What I meant by "more windows than nets" is that I want something that looks clean, clear, and easy to see through. I'd rather not have a wall of white with pinprick holes. There will be plants along the divided portions, to keep the boys from staring at each other, I'd just like to make something that looks a bit more...minimalistic. 

Originally I was thinking plastic or plexiglass, but having no real experience with these, I was hoping someone could offer some insight or other suggestions.


----------



## TigerLily (Sep 17, 2009)

Sorry for the double post, but I just found (again) the inspiration behind this desire, from one of our very own betta-lovers.

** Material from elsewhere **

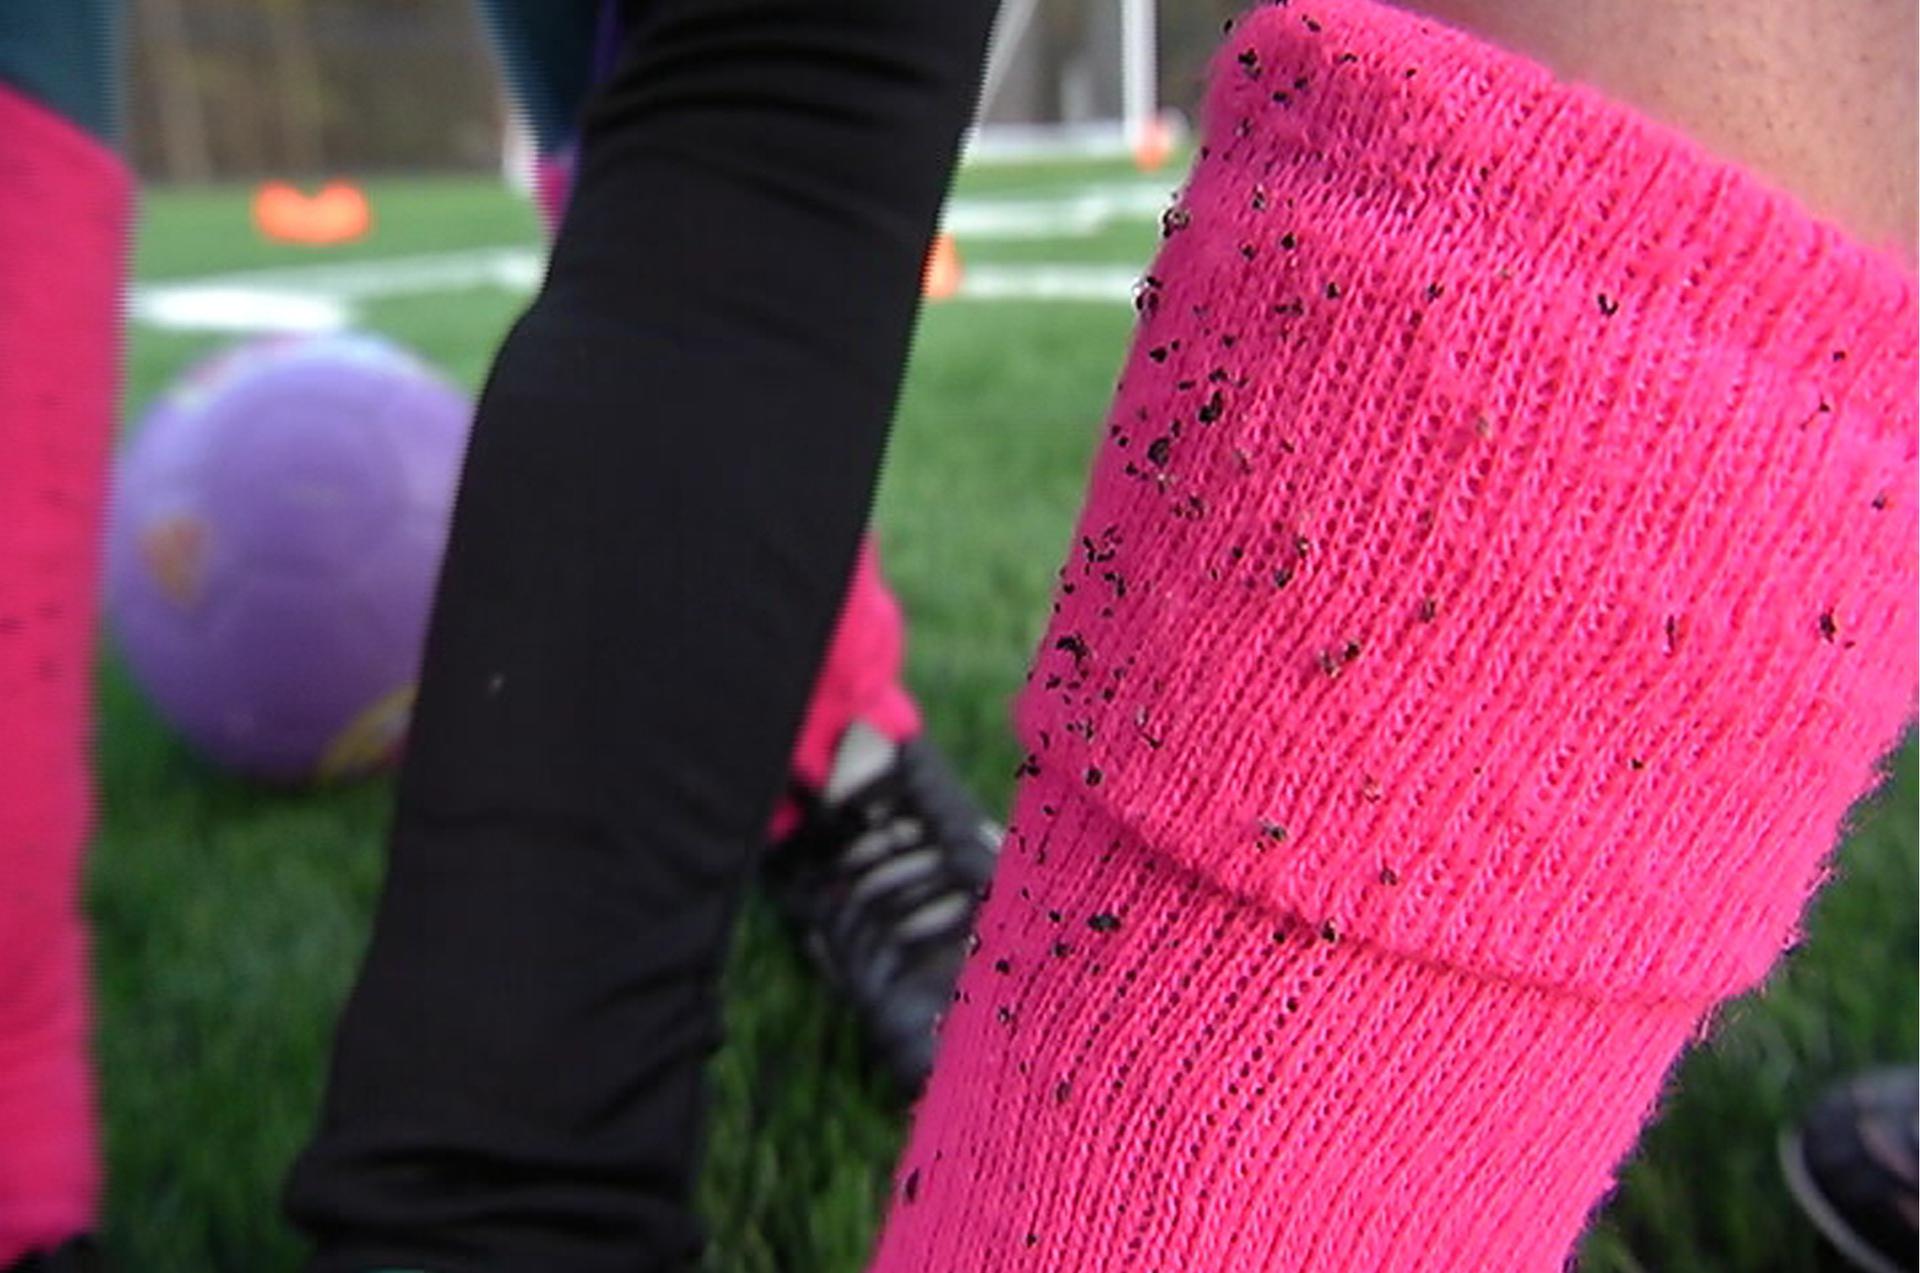 A Medway youth soccer player's sock collects particles of crumb rubber from the Medway High School synthetic turf field. The ant-size pellets act as artificial dirt for the artificial grass and they become ubiquitous in the lives of families whose kids pl

http://www.youtube.com/watch?v=wwuMCv8txkg

This. Something close to this.


----------



## Kittles (Feb 8, 2010)

That is definitely a swish tank. I'd like to know where those dividing pieces were found and if they were custom made. Have you messaged that uploader?


----------



## TigerLily (Sep 17, 2009)

If I remember right, that tank belongs to ChristinaRoss (as we know her here) and although I've talked with her a bit via messages, it has not really been about this yet. 

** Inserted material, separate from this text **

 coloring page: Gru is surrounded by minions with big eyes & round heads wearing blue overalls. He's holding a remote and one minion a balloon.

I'll send a message on over through youtube and see what I get back, if she has a chance to respond. In the meantime, if anyone has any handy ideas on how to easily make something similar...I'm all ears.

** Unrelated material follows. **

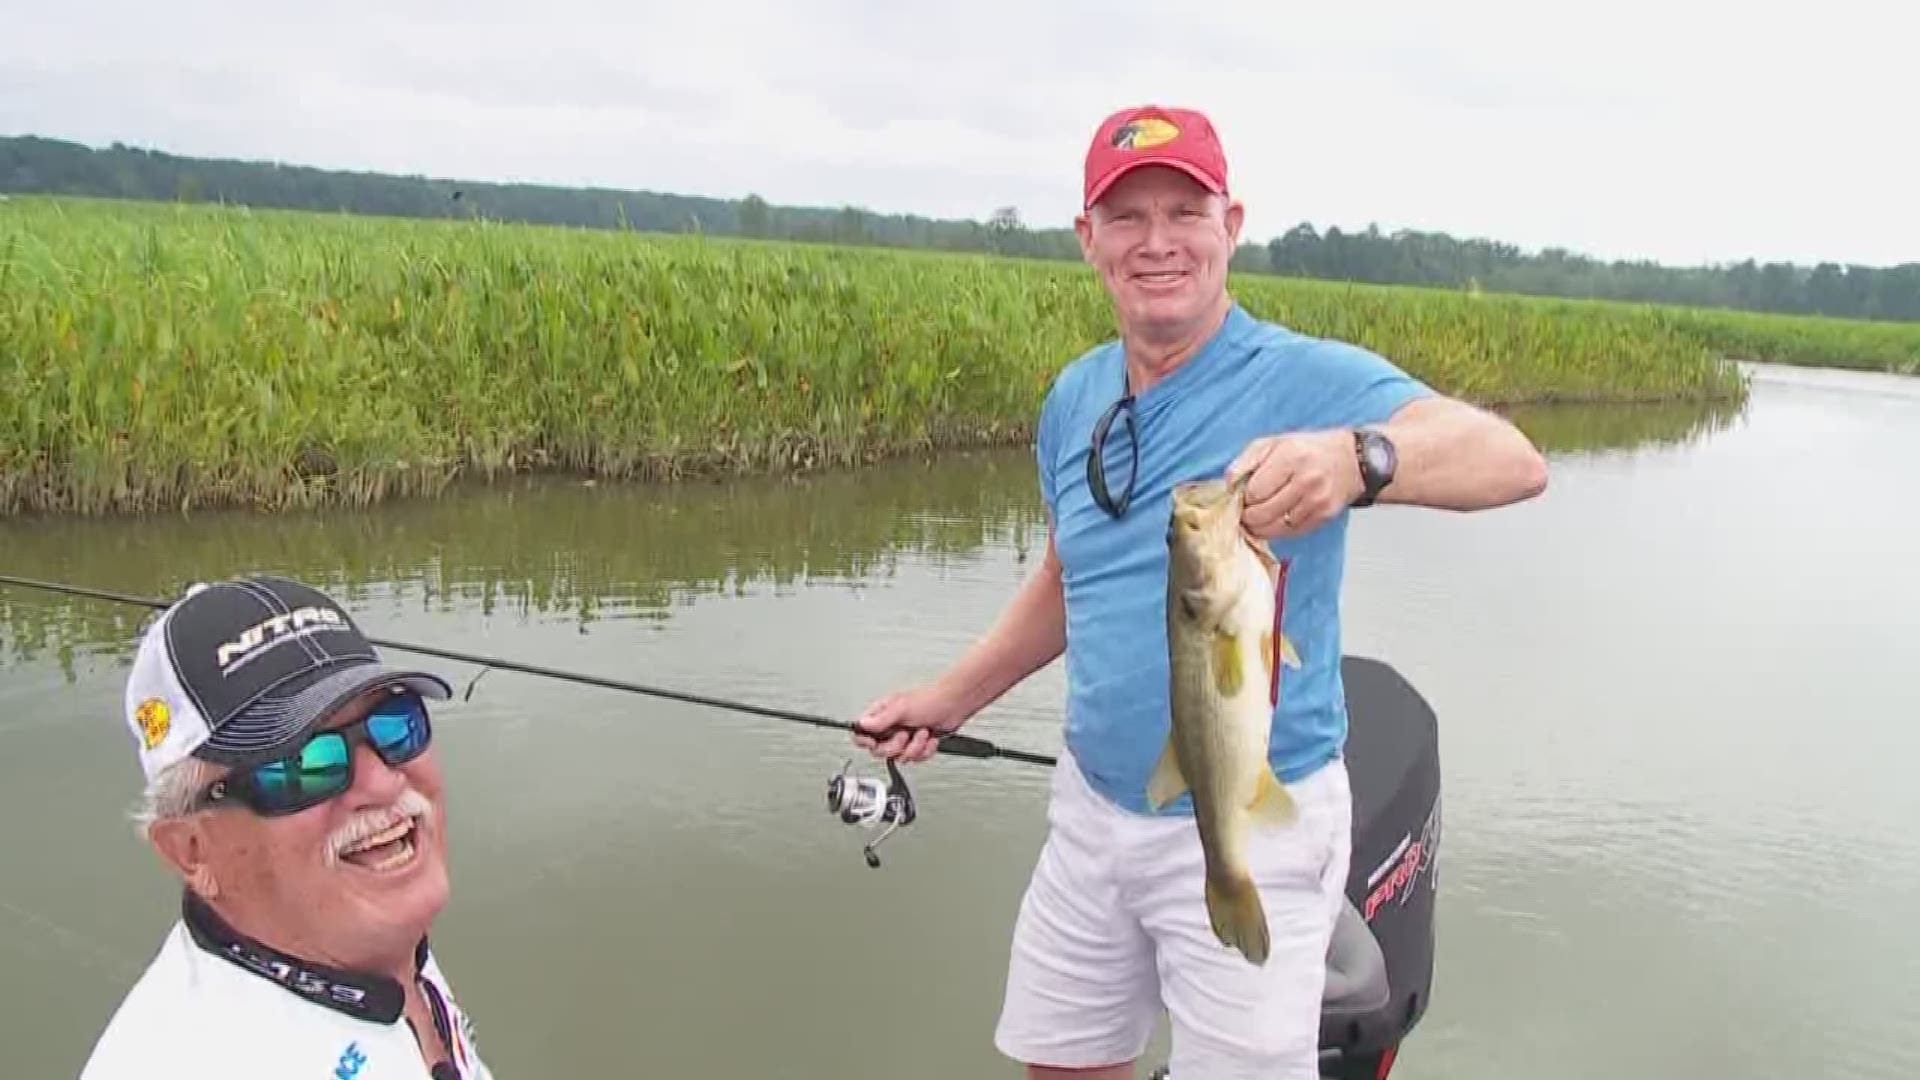 A fun day on the Chickahominy River fishing with Bass Pro Shops pro "Catfish" Hunter

Assuming it is Plexiglass, I wonder what tools would be needed to properly cut it. I also wonder how tightly they fit into the tank. I know they would have to be sturdy, but still loose enough to slide into place. I've never used that material before, so I have no idea how flexible it might be.


----------



## 1fish2fish (Sep 10, 2009)

I think you can get plexiglass cut at the store. You would have to silicone it in to make it stand up correctly just like you would any other divider.


----------



## TigerLily (Sep 17, 2009)

Is there a specific type of silicone to use?


----------



## 1fish2fish (Sep 10, 2009)

aquarium grade.. you can get it at walmart or petsmart for cheap


----------



## TigerLily (Sep 17, 2009)

I'll have to check Walmart, as we don't have any large chain pet stores around here. Thanks!


----------



## 1fish2fish (Sep 10, 2009)

if walmart doesn't have it you can ask around home depot or lowes. When I get back home I'll look at the main ingredients in mine and I'll let you know what to look for.


----------



## TigerLily (Sep 17, 2009)

Thanks, I really appreciate it.


----------



## TigerLily (Sep 17, 2009)

Okay, I got a message about the dividers in the video and this is what it said:



> yes the material is plexiglass bought from lowes.I use a metal straight edge and a razor to cut them. and "snap" them on the edge of a hard table to break easier. i used a 1/4" drill bit for the holes. i measured the inside of the tank for the dimensions and subtracted 1/8" to allow a little ease in installing. I used suction cups at the top on both sides to hold into place. no glues..........i havent had any scratches either. have patience when doing this, it can be a little bit of a pain and time consuming but worth it in the end i believe.
> 
> good luck, hope this helps


I'll be heading to Lowe's this weekend to look at supplies for this.


----------